Money Matters

Jan. 15, 2015
Industry expert shares insight on financial risks & tips for municipalities

About the author: Robert K. Wilson, CPA, MBA, CGMA, is a partner at WeiserMazars LLP. Wilson has more than 30 years of experience providing senior leadership, financial reporting and organizational transformation as both an industry insider and consultant to the water and utilities, real estate, finance, manufacturing and information technology sectors. Wilson previously was a partner with Grant Thornton. He also was CFO for a national water/wastewater management company, and has consulted with municipalities to evaluate their current water/wastewater operations and administration environment. Wilson can be reached at [email protected]. Amy McIntosh is associate editor for W&WD. McIntosh can be reached at [email protected] or 847.954.7966.


 Funding and financing are the backbone of any municipal water operation. Having the means to build, maintain and rehabilitate infrastructure to continue to provide water to customers is vital. W&WD Associate Editor Amy McIntosh spoke with Robert K. Wilson, a partner at WeiserMazars LLP, about the financial concerns facing municipalities and how to mitigate risks.

Amy McIntosh: What is the biggest financial con­cern municipalities face today?

Robert Wilson: We do an annual water survey of industry participants, and from the information that we received during our 2014 survey, the most pressing issue out there right now is aging infrastructure in the water and wastewater industry. I think that issue has probably been out there for a while, but it continues to be the leading challenge from a financial standpoint for most municipalities. 

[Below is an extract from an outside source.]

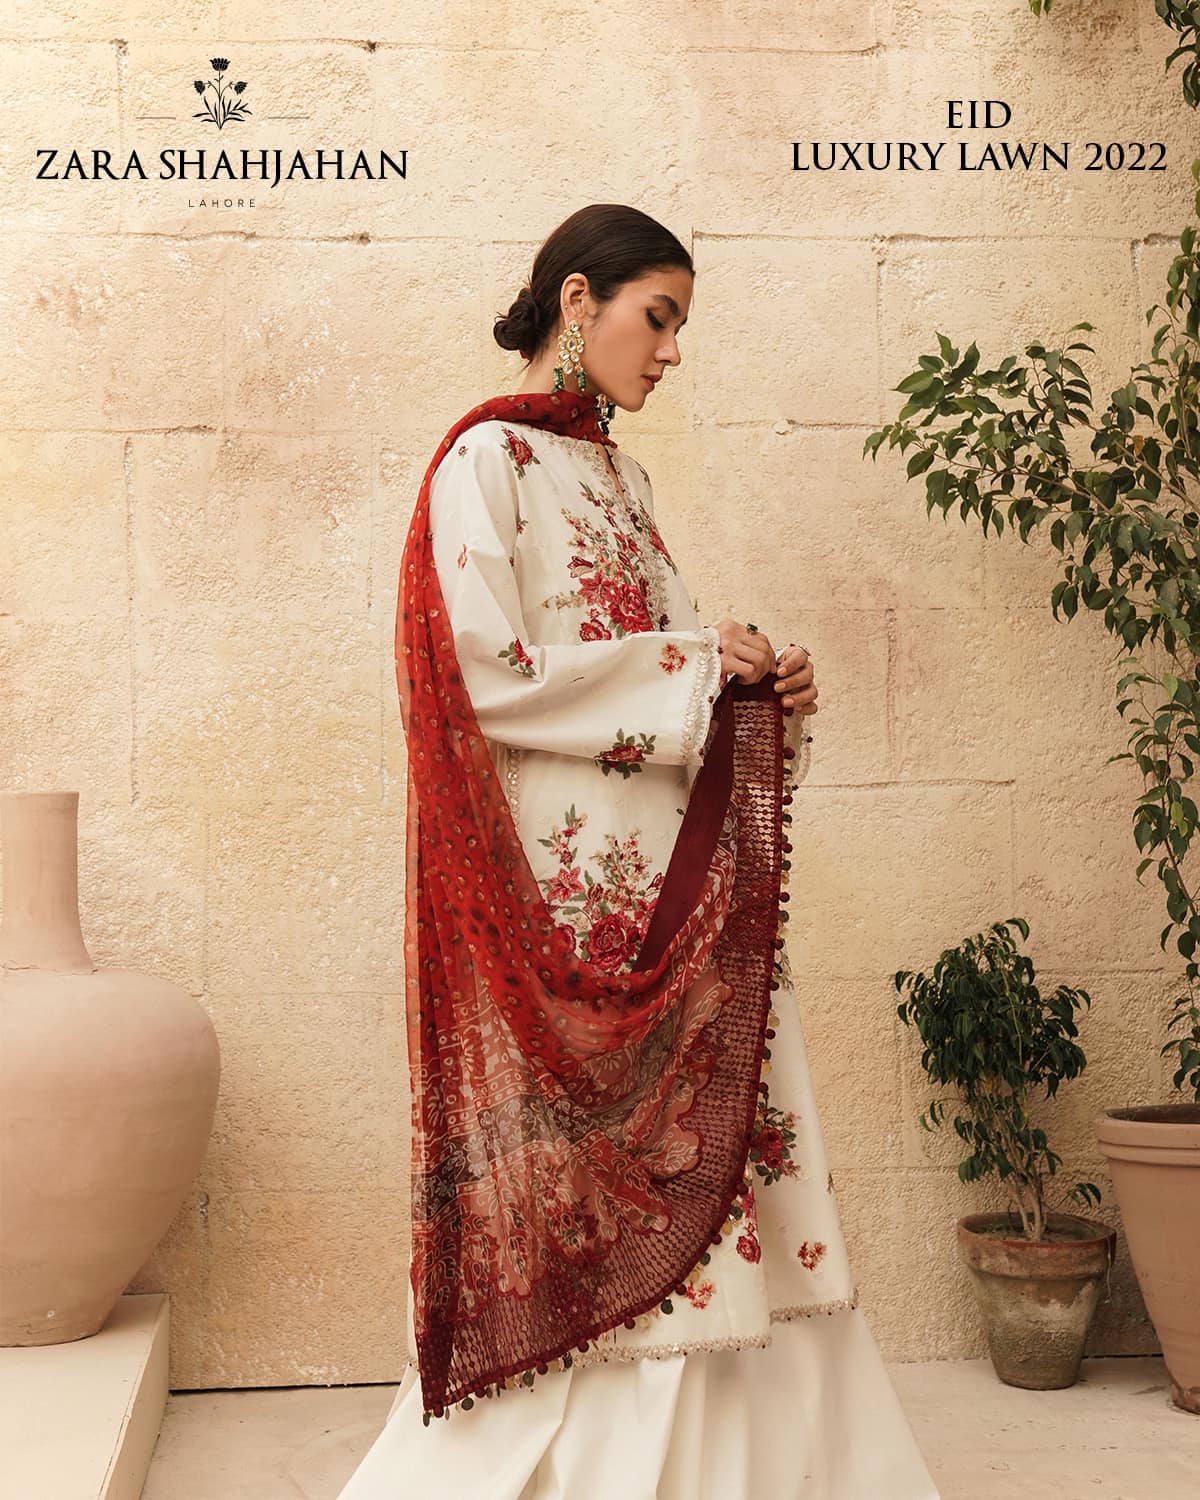 Zara Shahjahan Eid Luxury Lawn 2022

McIntosh: What are some financial risks muni­cipalities face in terms of the cost of water?

Wilson: Most of the municipalities and providers we interact with feel that the existing cost of water is very low in comparison with the cost of the service and the value provided to the customers and also compared with other developed countries around the world. That creates risks from their perspective: They have to maintain that low cost but still meet other funding requirements they have, such as pension and retirement funding and regulatory compliance, [while dealing with] cost increases, such as rising energy costs. It puts pressure on them to continue to maintain that low cost of water.

McIntosh: What are some steps municipalities can take to maintain the low cost of water?

Wilson: The biggest thing that a municipality can do is increase public awareness of the value of the water that is being provided. The general public does not have a good understanding of the value of the commodity that they are receiving and just how precious it is to continue to have their way of life. It is important that a municipality or utility communicates more to advance that understanding within the public it serves. 

In addition, I think working with the local politicians can help. One of the other areas indicated in the survey results we have received is increasing political support for maintaining the infrastructure necessary to continue to provide quality water at a reasonable price. Working with public officials to help understand the impact that a municipality or utility has on the community and gaining their support for adequate infrastructure is very important.

McIntosh: Do you have any other tips for muni­ci­palities to improve their operations from a financial standpoint?

Wilson: I think the key with any municipality is to first understand what its existing situation is. With many of the companies we have worked with over the years, one of the key things that we find is that the actual issue is not clearly defined. We tend to take a holistic view of what is going on within the utility to get a broader understanding of the challenges that it faces and then help it identify particular issues in order to address those challenges. 

From my perspective, one of the best things a municipality can do is develop a strategic plan. We do not see a lot of municipalities that actually have a well-defined strategic plan that clearly identifies the challenges, risks and opportunities that it has going forward. Developing that and working through a process to address those issues could help manage the facility better and hopefully continue to provide high-quality water.